▶ What the task requires: The copy should begin at the line containing "gros plan sur" and end with the last line below, every line exact and no picture included.

▶ Data section:
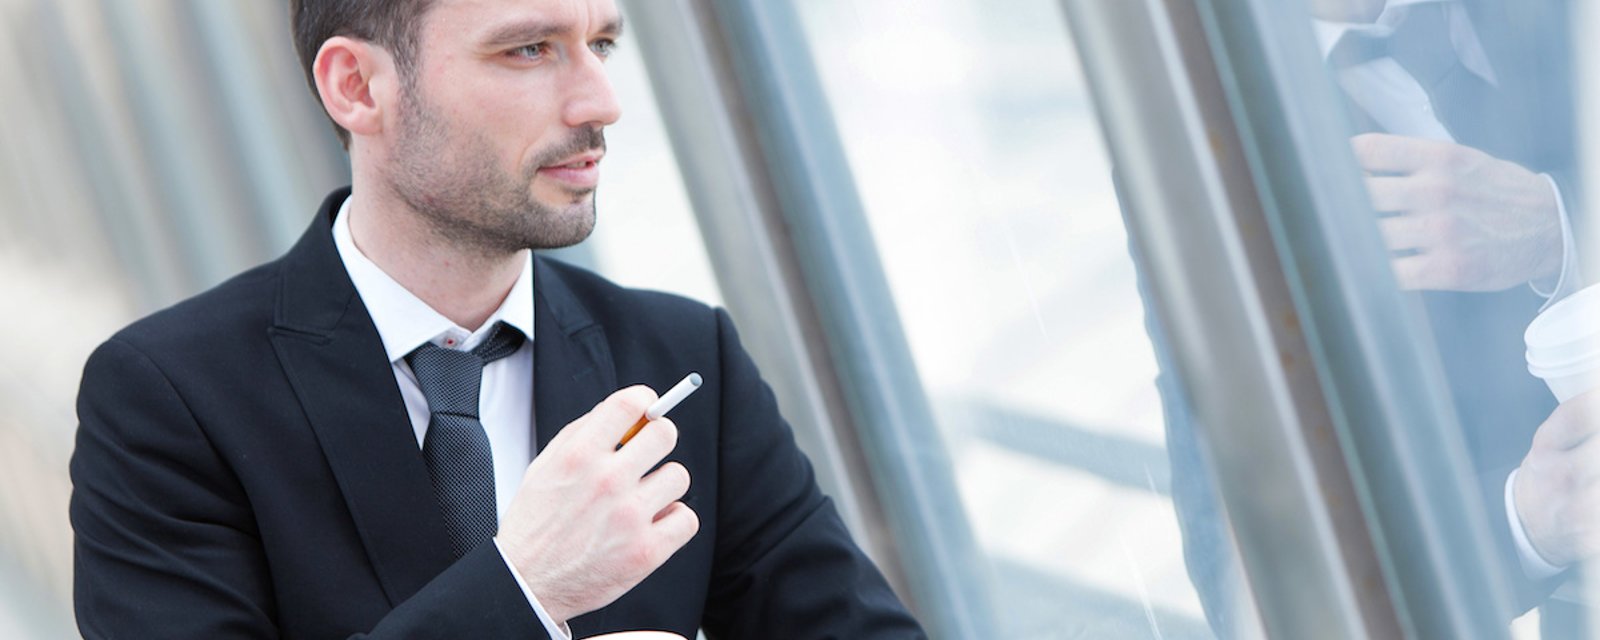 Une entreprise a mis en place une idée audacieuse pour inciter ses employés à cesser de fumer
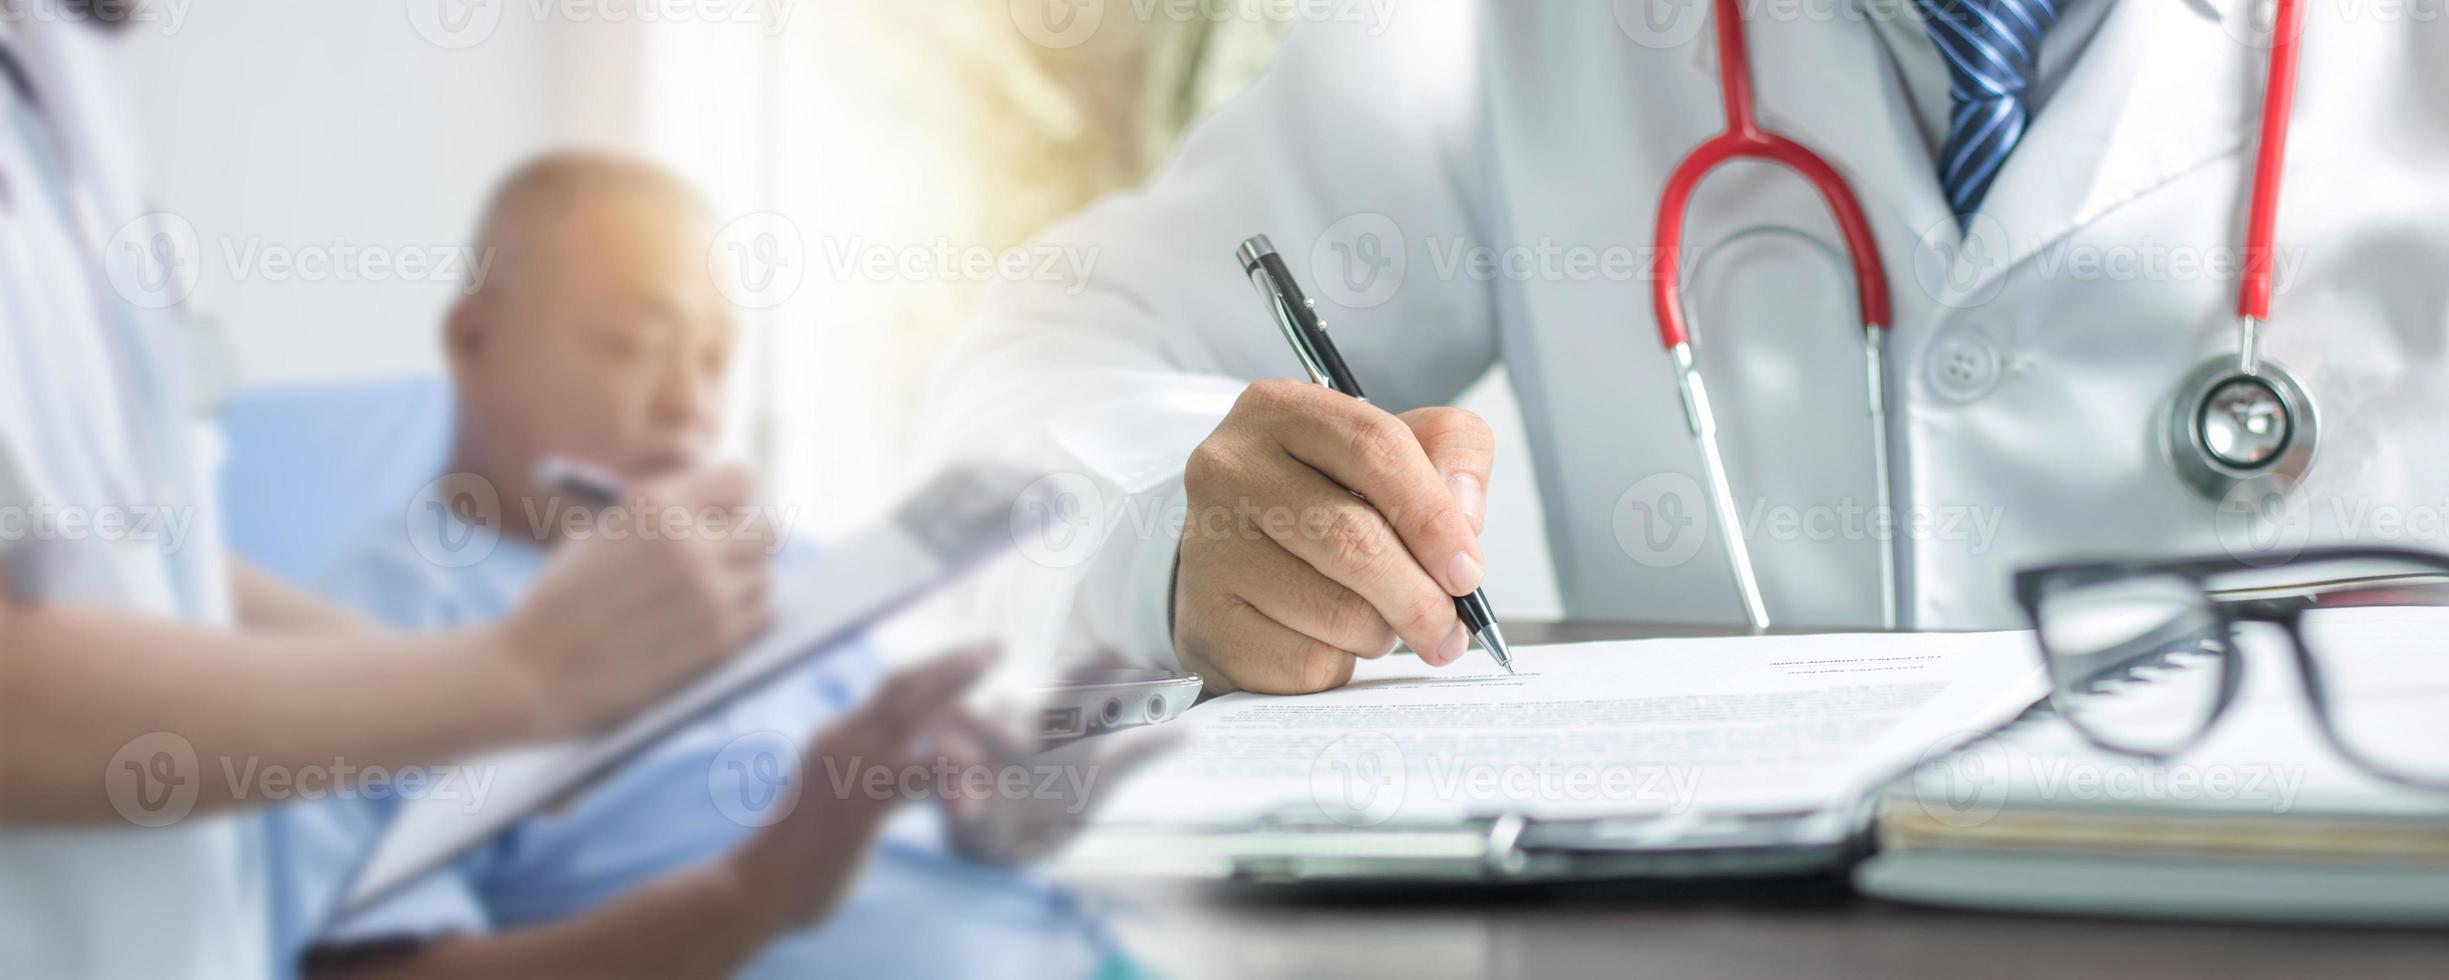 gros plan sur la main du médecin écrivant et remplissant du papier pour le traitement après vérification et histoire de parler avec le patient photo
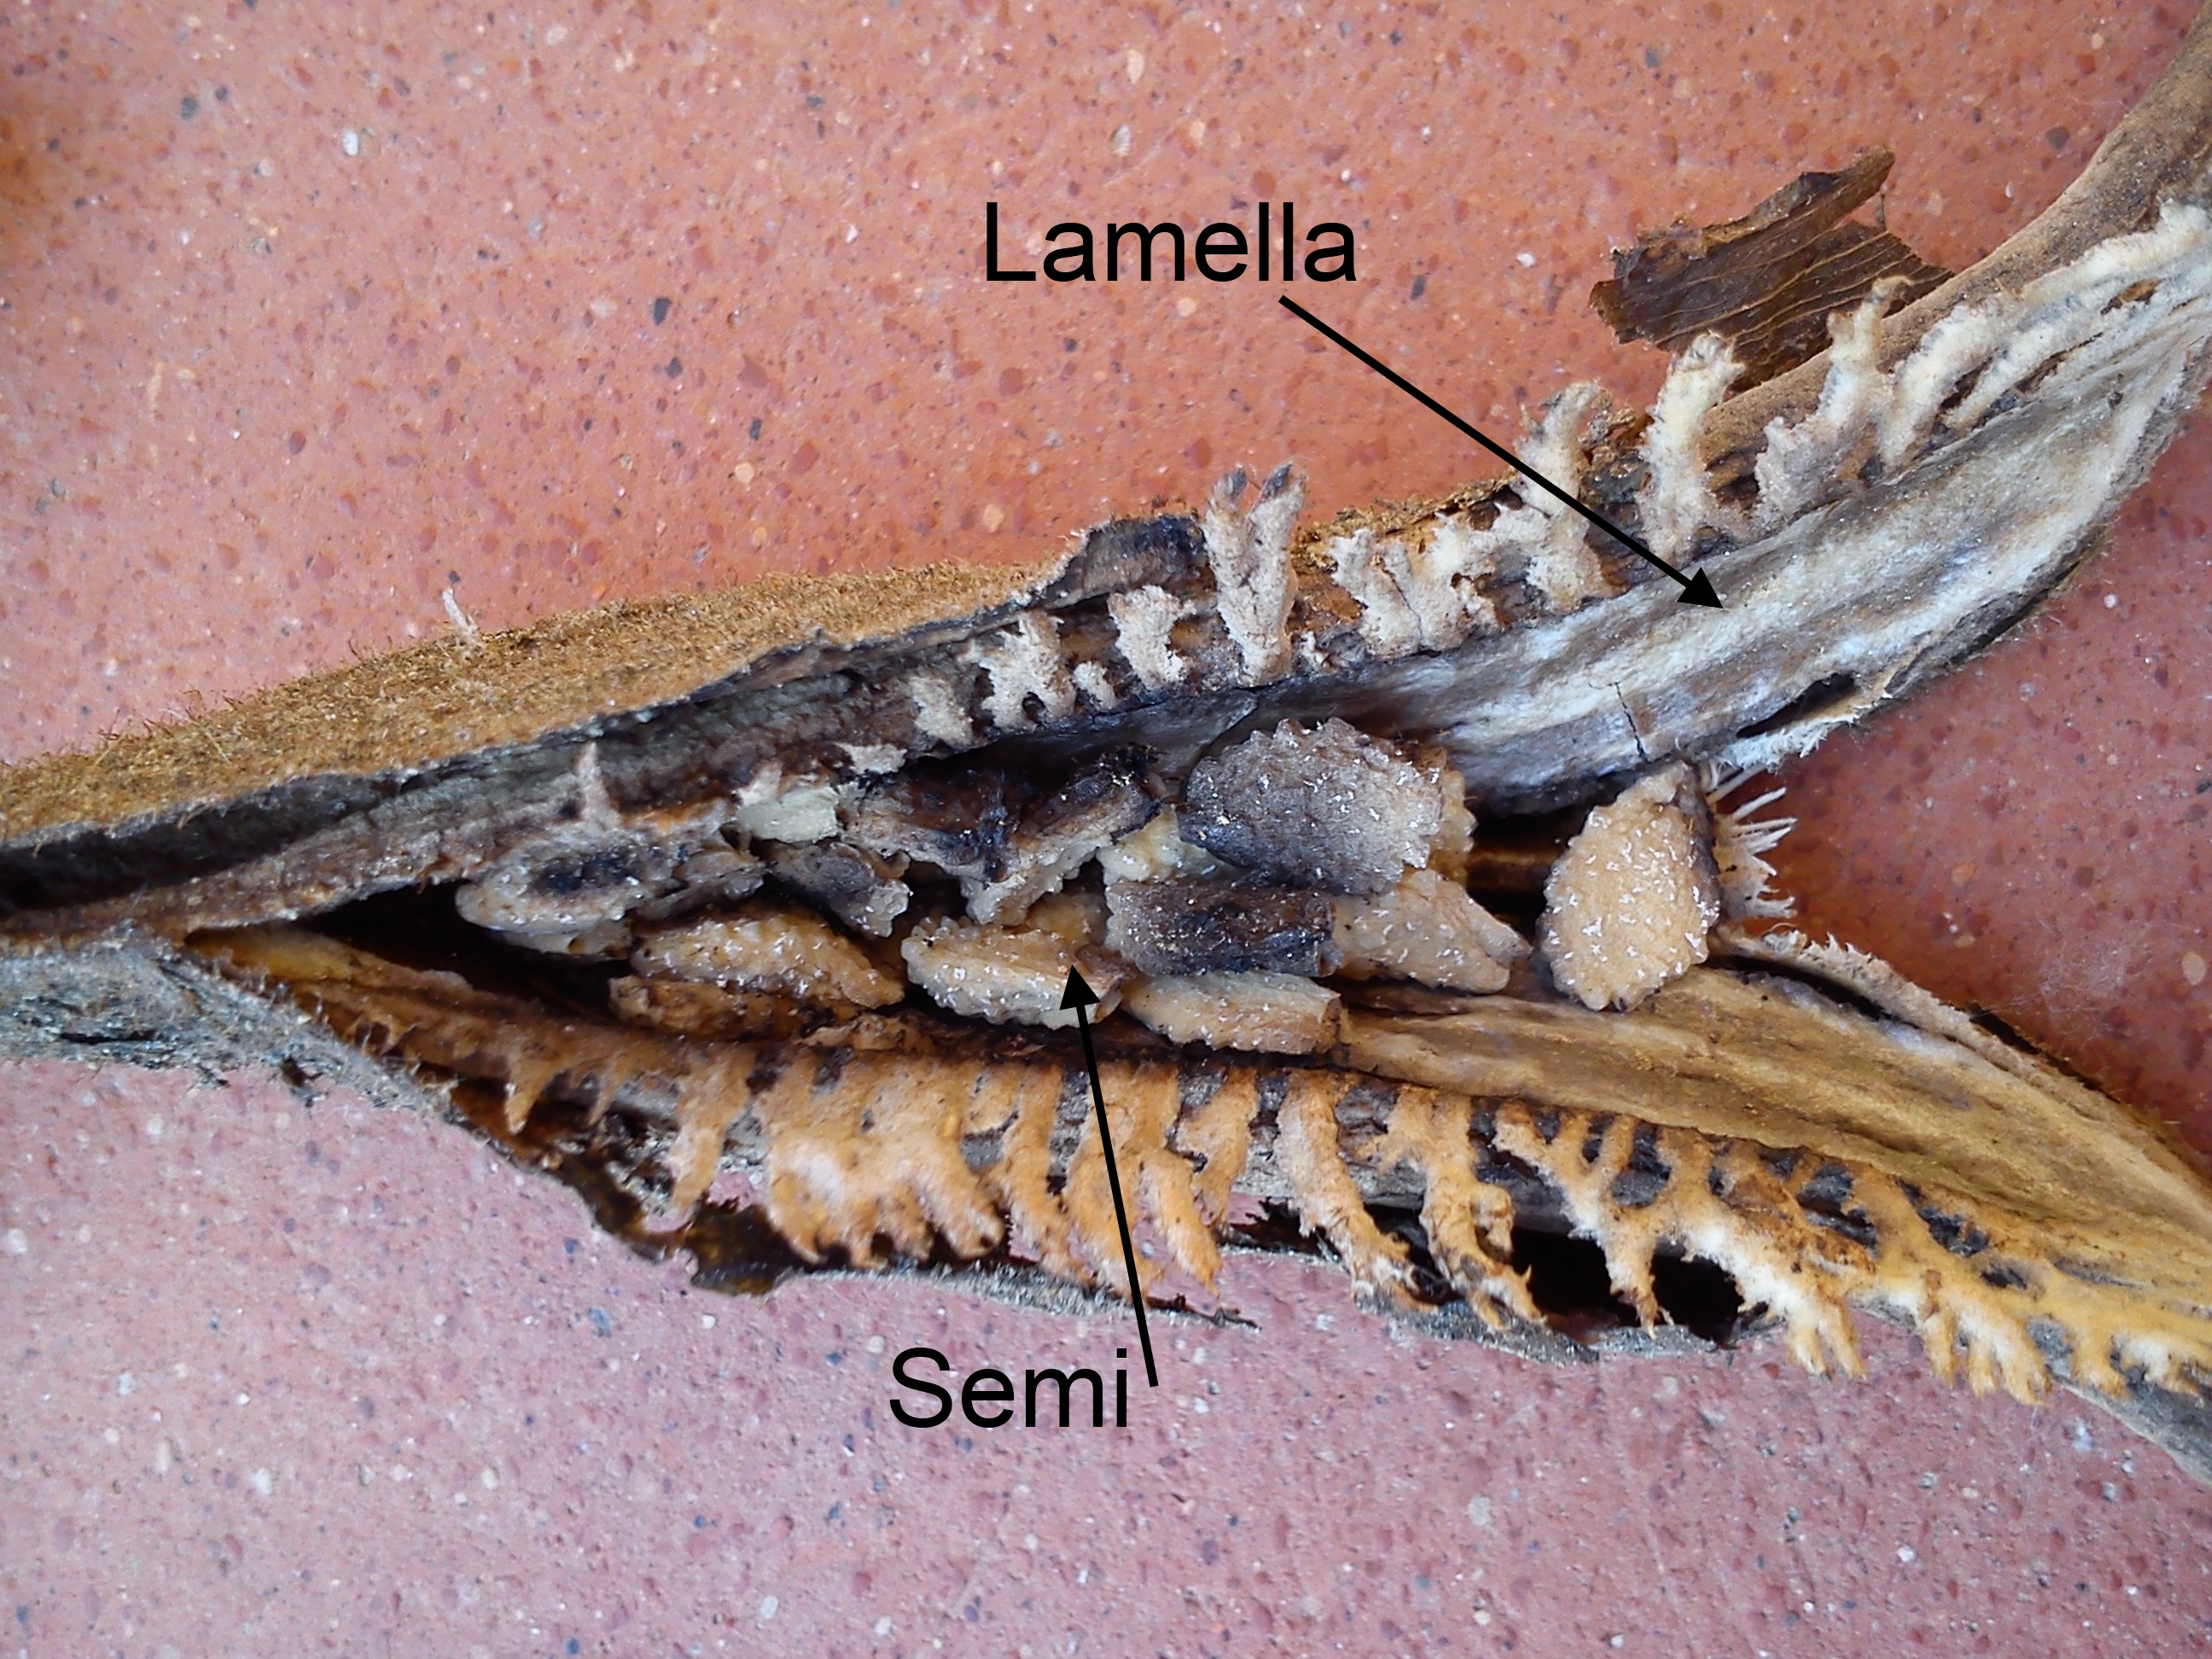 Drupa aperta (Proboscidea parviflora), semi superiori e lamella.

▶ Result for this exercise:
 gros plan sur la main du médecin écrivant et remplissant du papier pour le traitement après vérification et histoire de parler avec le patient photo
 Drupa aperta (Proboscidea parviflora), semi superiori e lamella.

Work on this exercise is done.